Бренчанин водил Стрижайло по просторному дому, не преминув заглянуть в ванную с огромной золотой лоханью и золотыми кранами, в туалет, где по-ленински золотой, и по-византийски царственный стоял восхитительный унитаз. В гараже, бесчисленно отраженный в зеркальных стенах, окруженный зарей, разместился золотой «Роллс-Ройс». И повсюду, — на тарелках, унитазе, корпусе автомобиля можно было увидеть клеймо самой высшей пробы.

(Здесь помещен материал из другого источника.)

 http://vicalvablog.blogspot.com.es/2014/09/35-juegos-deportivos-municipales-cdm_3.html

— Теперь же я вас отведу туда, где почти никто не бывал. Если угодно, это моя молельня, где я благодарю судьбу за ее ко мне благосклонность. Фармацевтика — это не наука, а религия с богами, в которых нужно верить и которым следует приносить регулярные жертвы и воздавать постоянные почести, — лицо Бренчанина исполнилось благоговения, и он стал похож на Верховного Жреца, переступающего порог кумирни.
Стрижайло шагнул за ним следом и ахнул от обилия огненно-золотых лучей, пылающей желтизны, раскаленного, невыносимого для глаз сияния. В овальном зале на постаментах возвышались золотые статуи богинь. Полуобнаженные, в туниках, в изящных позах, в каких эллины изображали муз, золотые женщины то ли танцевали, то ли прислушивались к звукам невидимых кифар и свирелей, исполненные грациозной неги, любовного томления. Бренчанин преобразился, сложил молитвенно руки, двинулся по кругу, припадая устами к ногам сияющих статуй, благодарно и истово целуя золотые стопы богинь.

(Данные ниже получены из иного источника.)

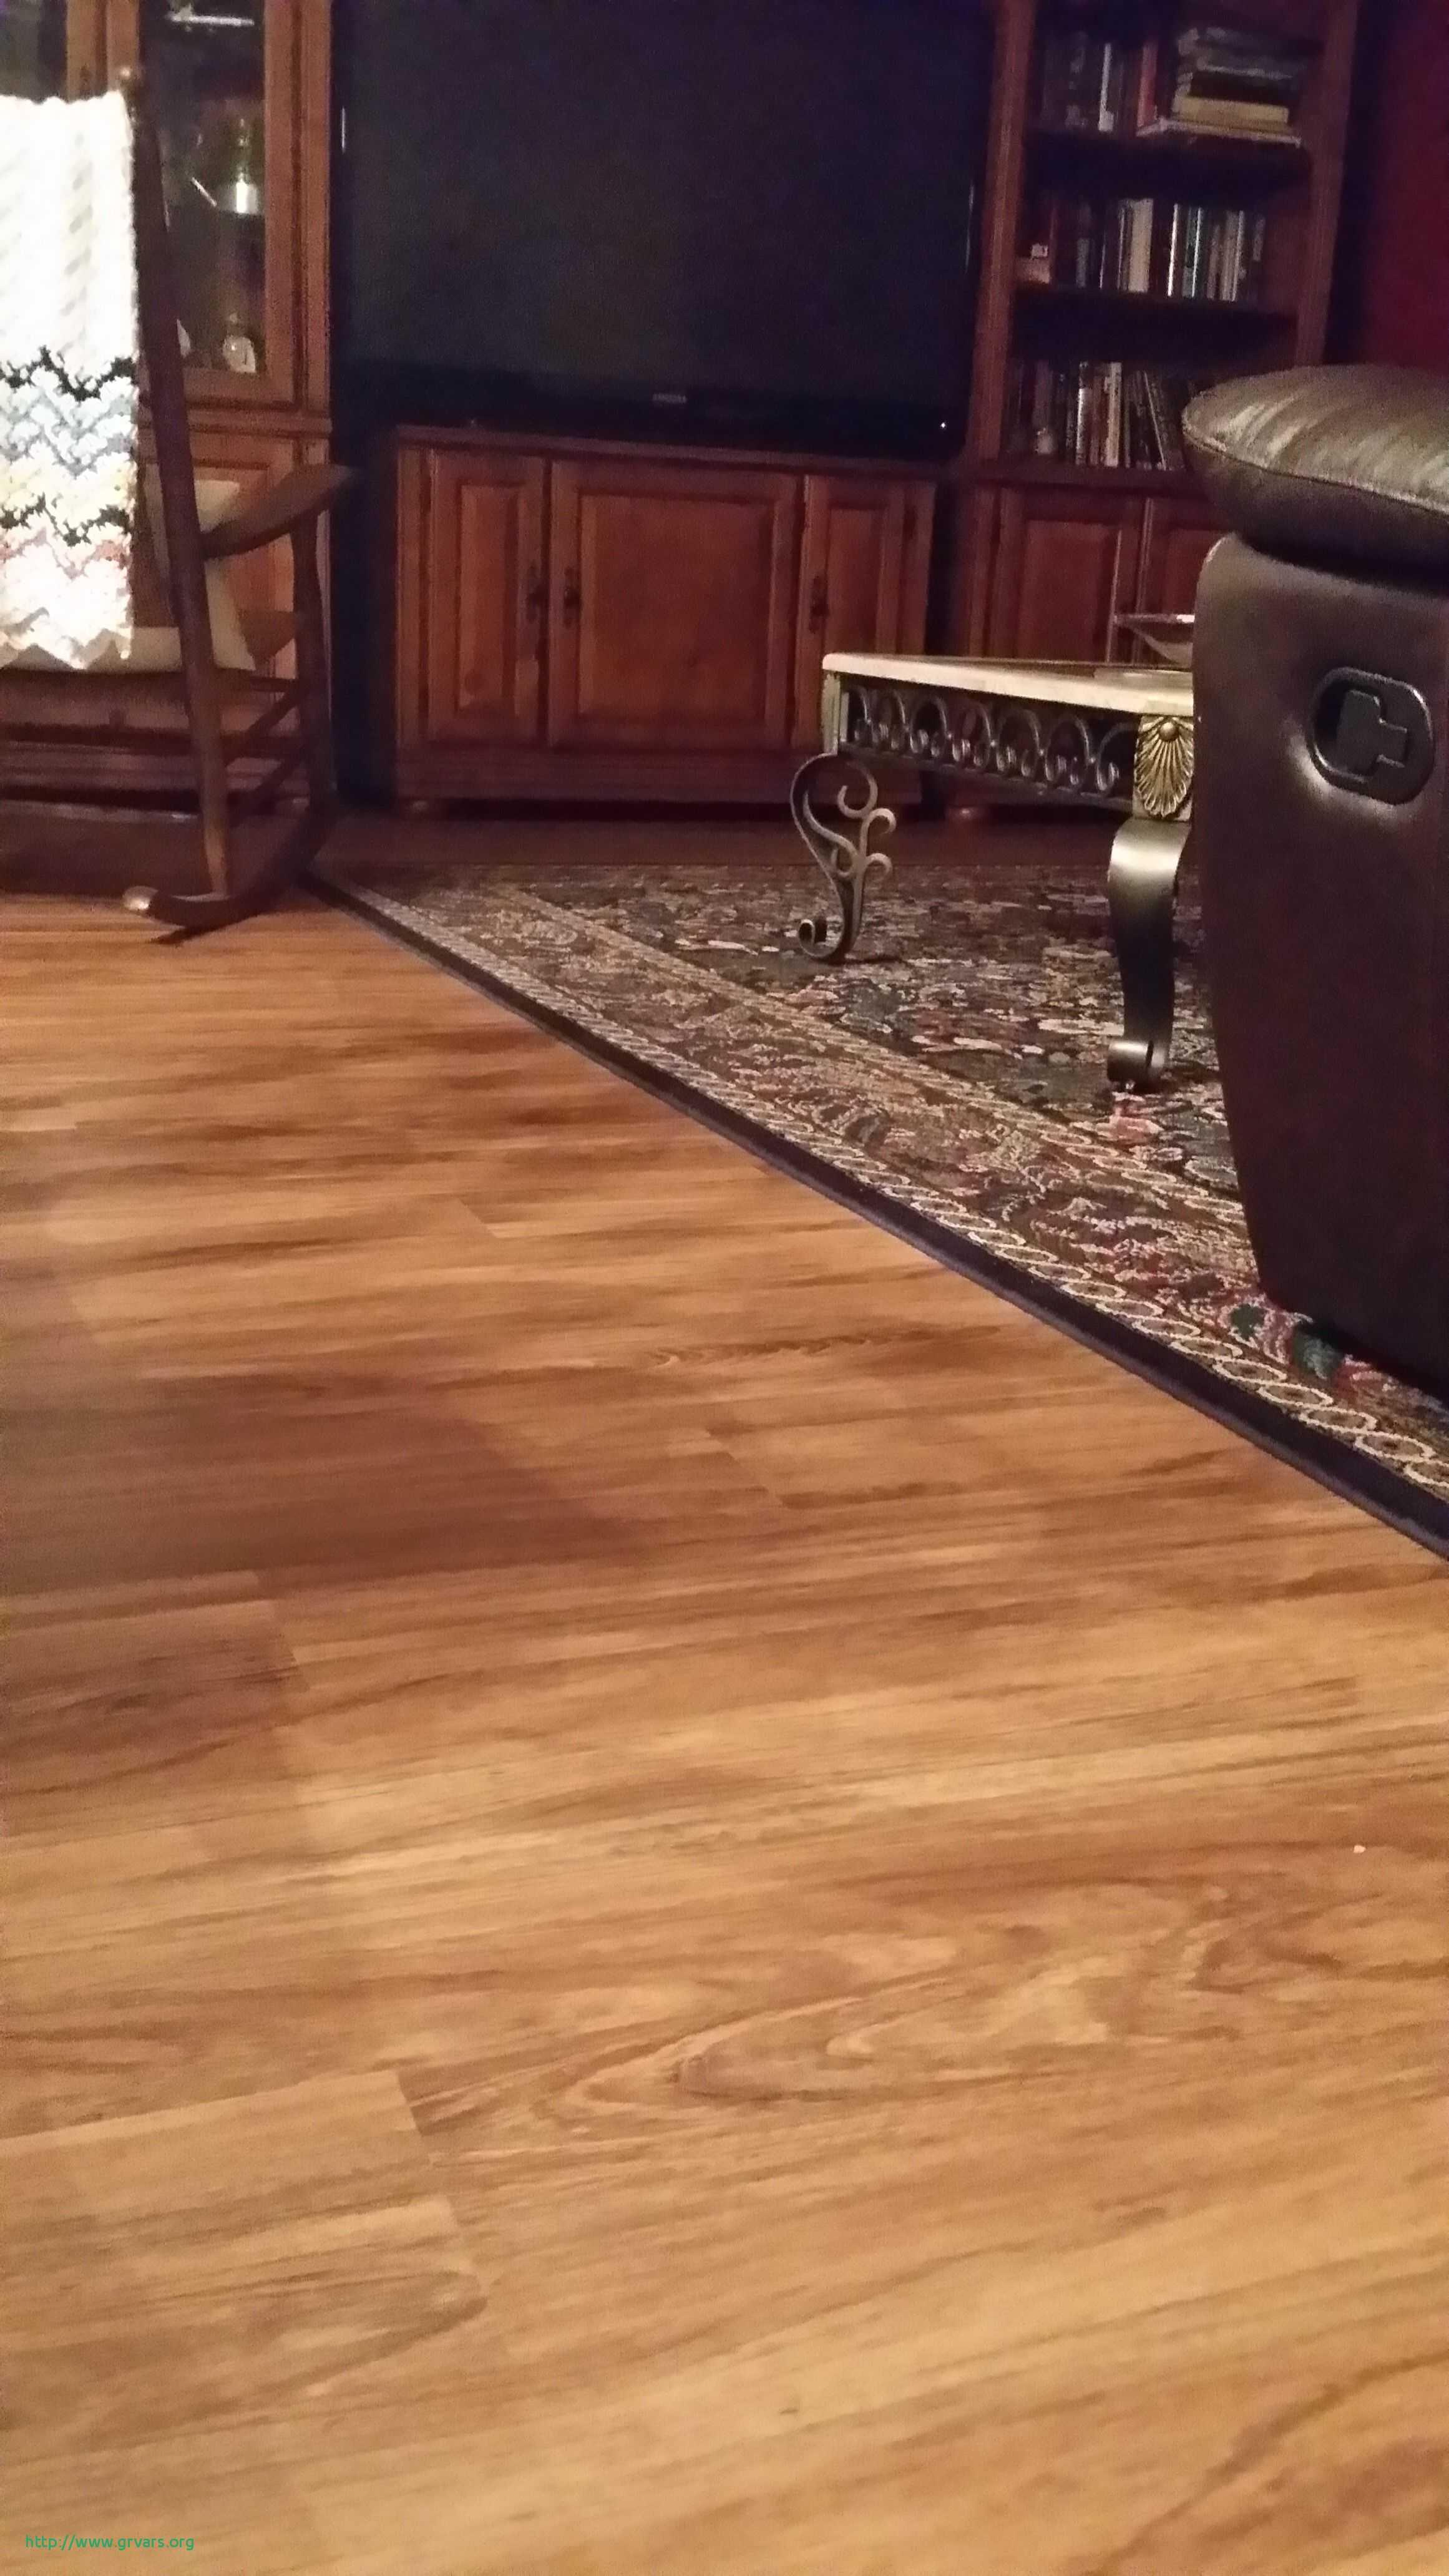 dj hardwood flooring of we ship floors meilleur de we make beautiful wood flooring and guide in we ship floors meilleur de new engineered vinyl plank flooring called classico teak from shaw

Стрижайло, щуря глаза, чтобы не ослепнуть, следил за губами молящегося, которые касались надписей, выбитых на слитках. С изумлением увидел, что сияющие красавицы носят имена самых опасных и смертельных болезней. Золотые кумиры были возведены в честь этих болезней, которые составили благополучие Бренчанина, питали его славу, умножали богатство. Сияющие девы носили имена — «Гнойный аппендицит», «Туберкулез», «Рак желудка», «Паранойя», «Птичий грипп», «Атипичная пневмония», «Фиброма предстательной железы», «Инфаркт миокарда», «Почечный камень», «Энцефалит», «Болезнь Боткина», «Болезнь Паркинсона», «Базедова болезнь», а так же «Диарея» и «Расстройство желудка». Богини, числом шестнадцать, образовывали замкнутый круг болезней, в котором вращалось несчастное человечество, и откуда Бренчанин вырывал его с помощью настойки крапивы, таблеток хлористого кальция и бальзама из капустных улиток, используемого, как внутривенное. Стрижайло, оказавшись в этом замкнутом и смертельно опасном кругу, испытал священный трепет и непреодолимое желание поклониться могущественным богиням, повелевающим немощами человеческими. Его посетило ощущение, что он уже где-то видел подобное капище, испытывал схожие чувства. Вдруг его осенило, — все это напоминало фонтан «Дружба народов», где золоченые девы сомкнули круг, заманивая в него посетителей Сельскохозяйственной выставки. Это подобие испугало его. Открыло истинный смысл ВДНХ, задуманный коммунистами, как духовный центр Религии Будущего, где новые сорта злаков и корнеплодов, элитные породы скота и птицы служили жертвенным сырьем для «фармакологии коммунизма», излечивающей все болезни, в том числе и социальные.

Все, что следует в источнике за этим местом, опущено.